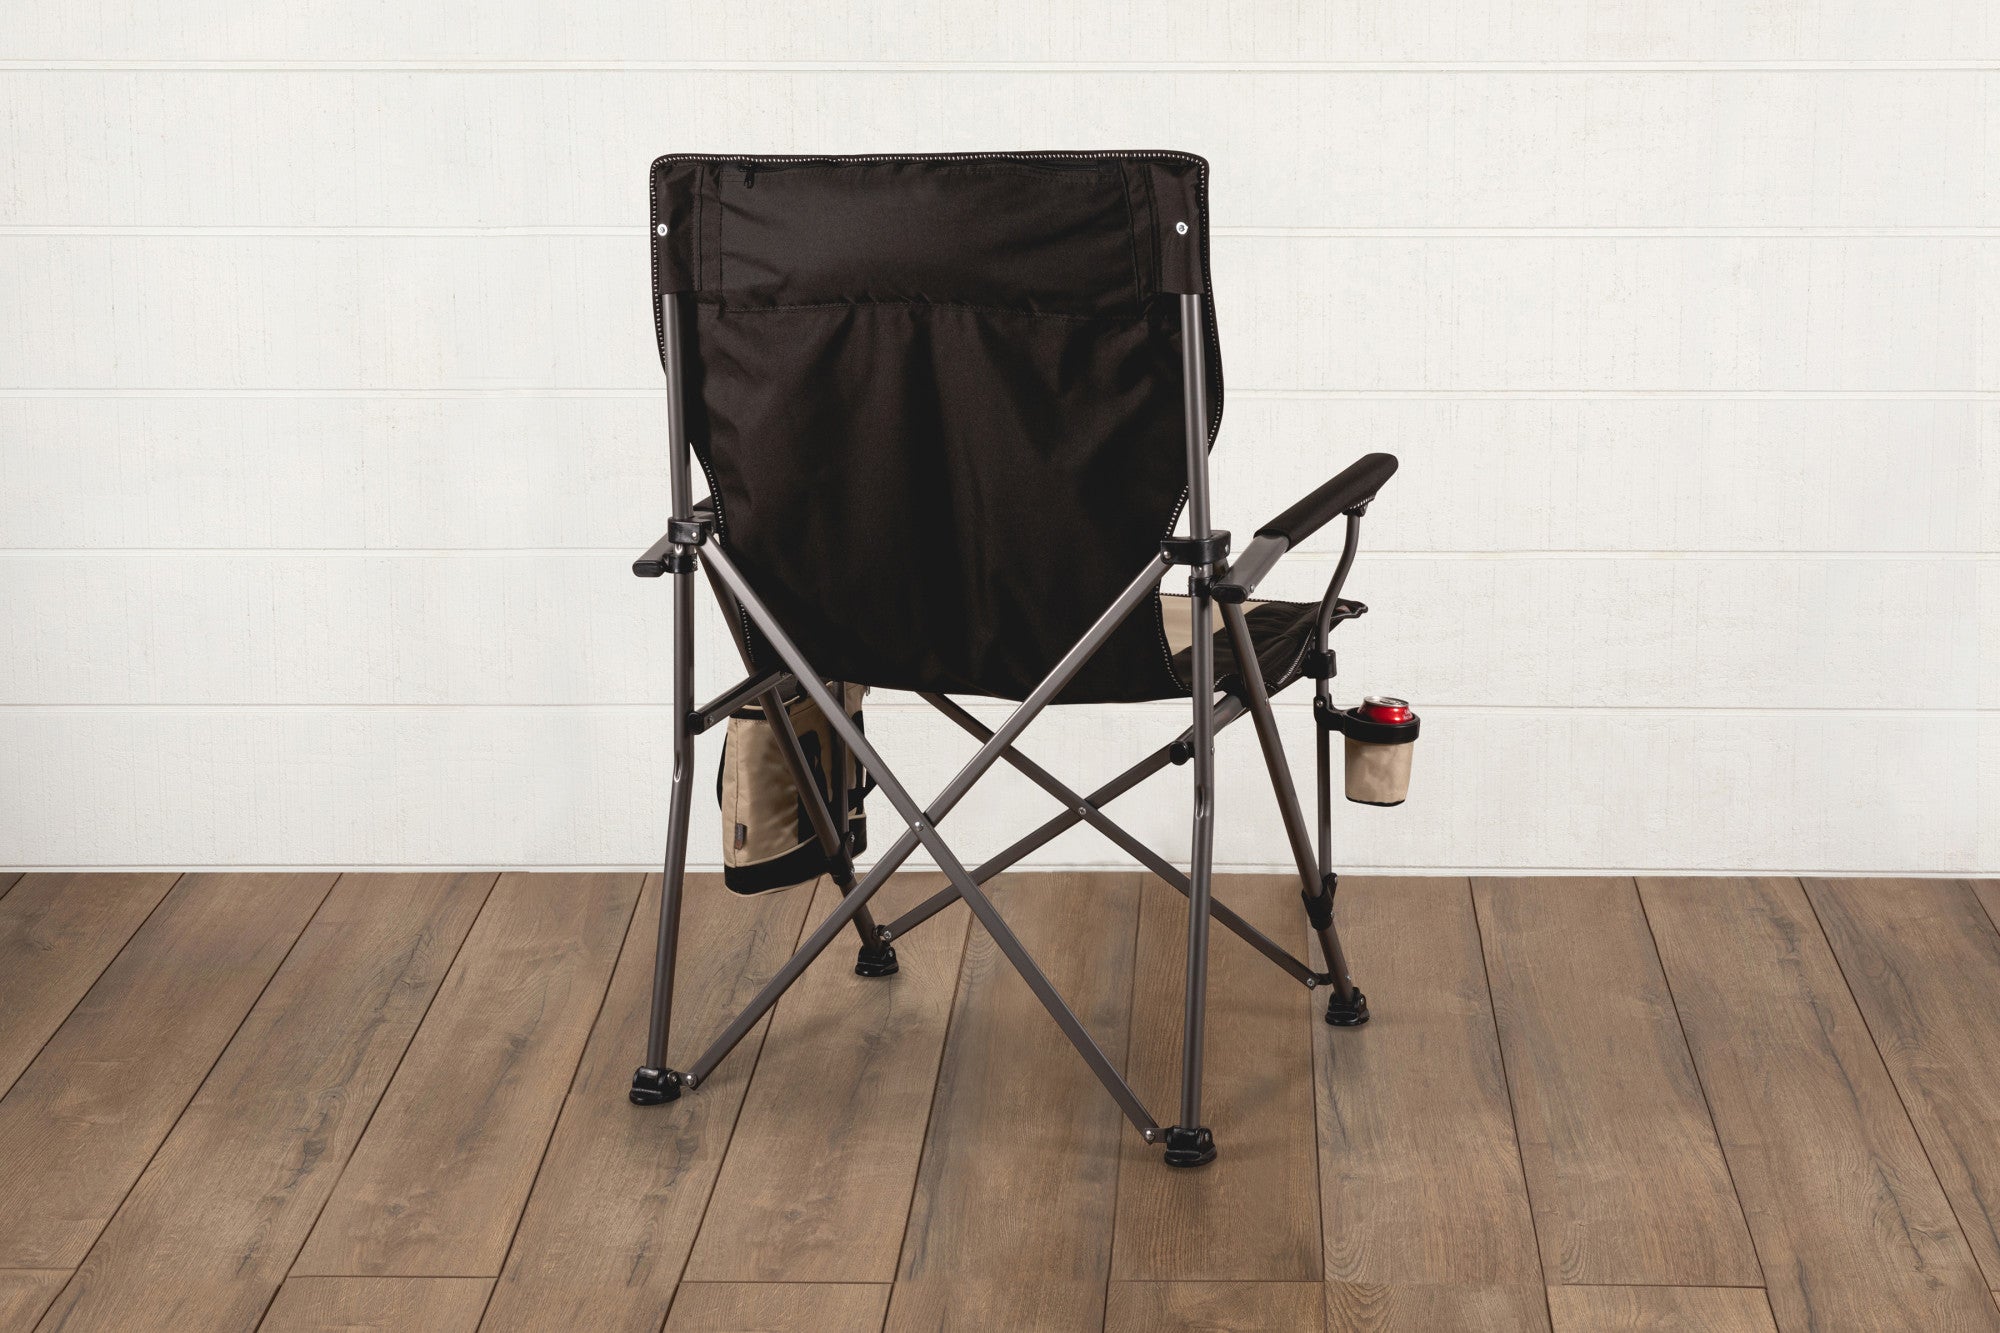 Arizona Cardinals - Big Bear XXL Camping Chair with Cooler
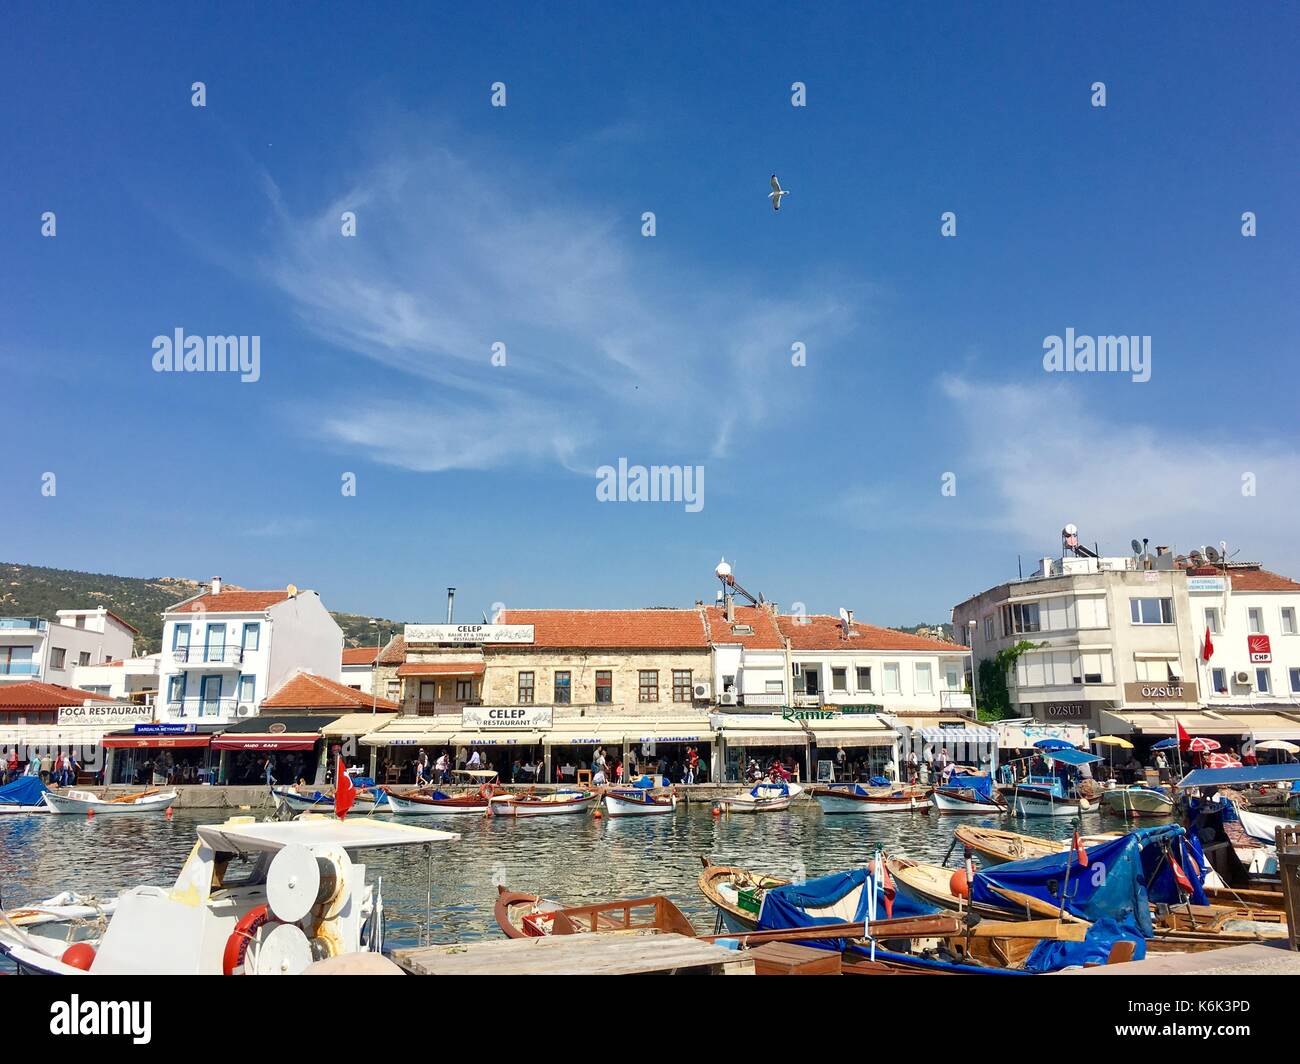 Foça, Turquía - abril 29, 2017 : puerto y vista del viejo puerto de embarcación de foca, Izmir. Debido a los sellos flotando en el mar de la ciudad, el asentamiento fue nombrado Foto de stock
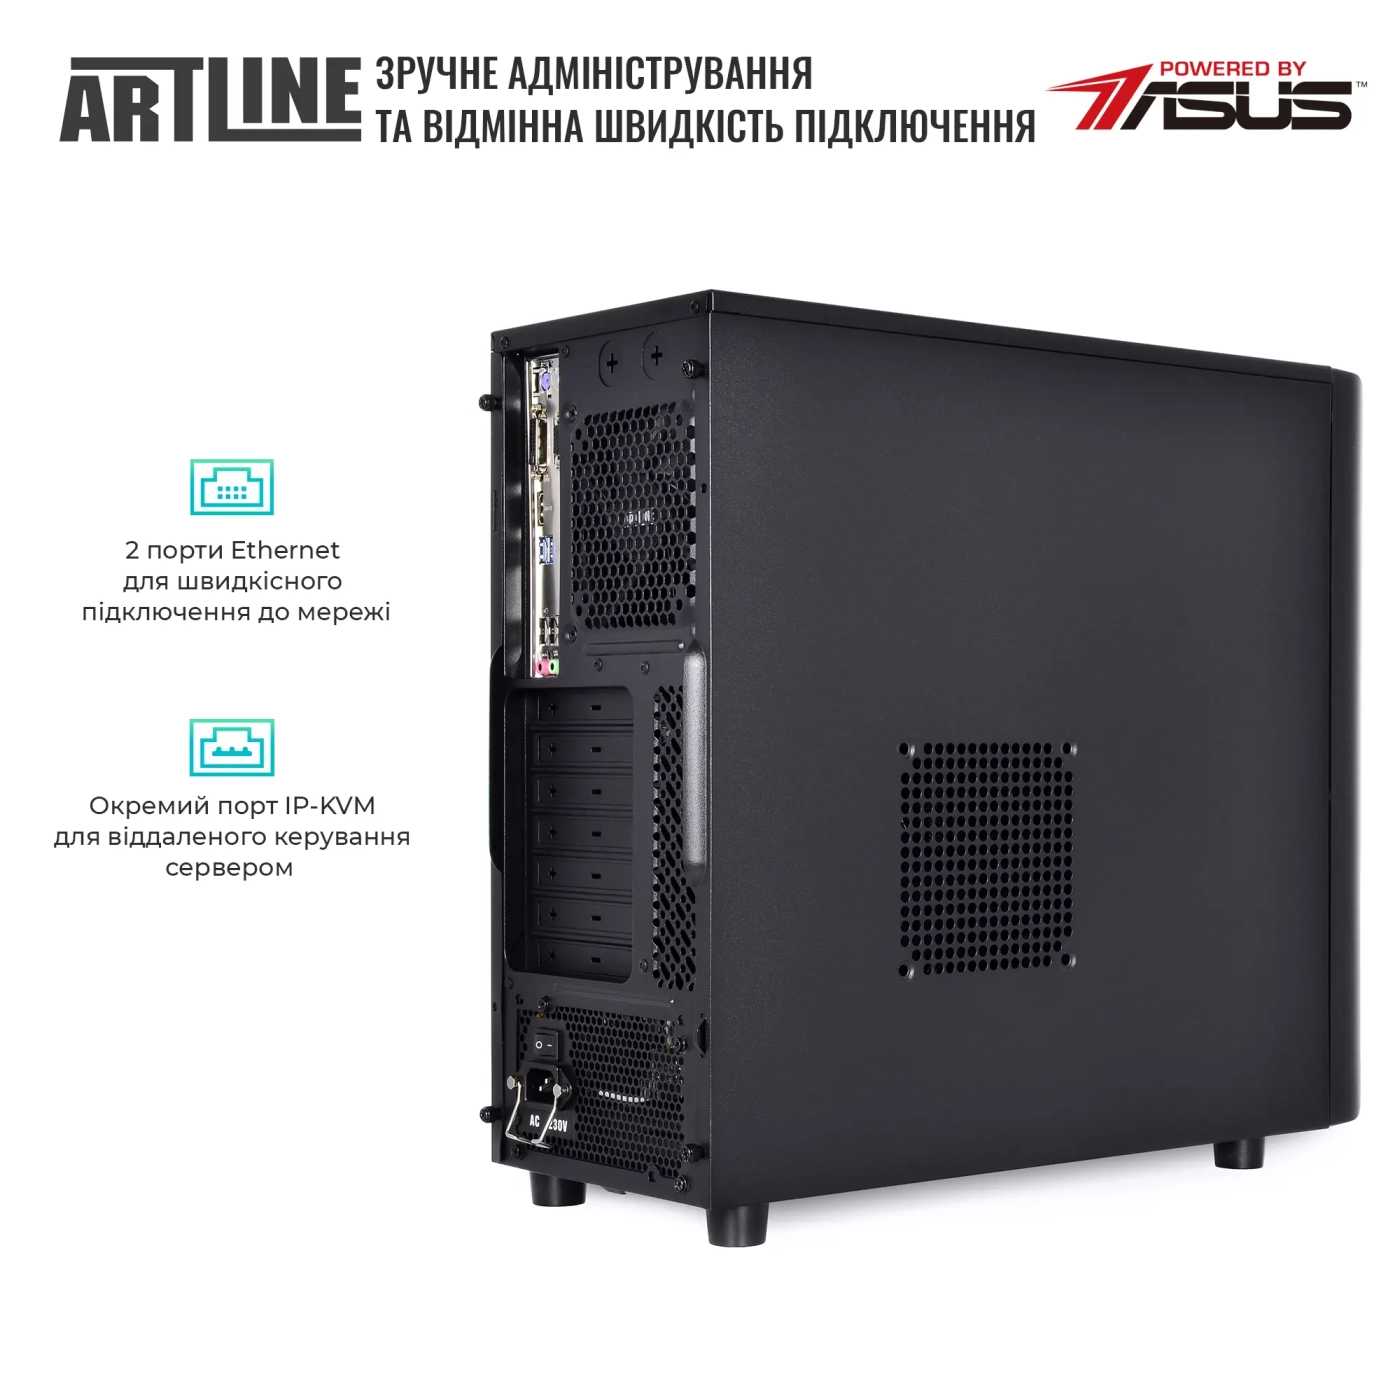 Купить Сервер ARTLINE Business T35 (T35v33) - фото 5
--*--
*Exercise objective*
Omit the pictures and return exactly the lines from the line containing "Foça, Turquía - abril" through the final line of the material above, both ends included.

*Answer to the problem*
 Foça, Turquía - abril 29, 2017 : puerto y vista del viejo puerto de embarcación de foca, Izmir. Debido a los sellos flotando en el mar de la ciudad, el asentamiento fue nombrado Foto de stock
 Купить Сервер ARTLINE Business T35 (T35v33) - фото 5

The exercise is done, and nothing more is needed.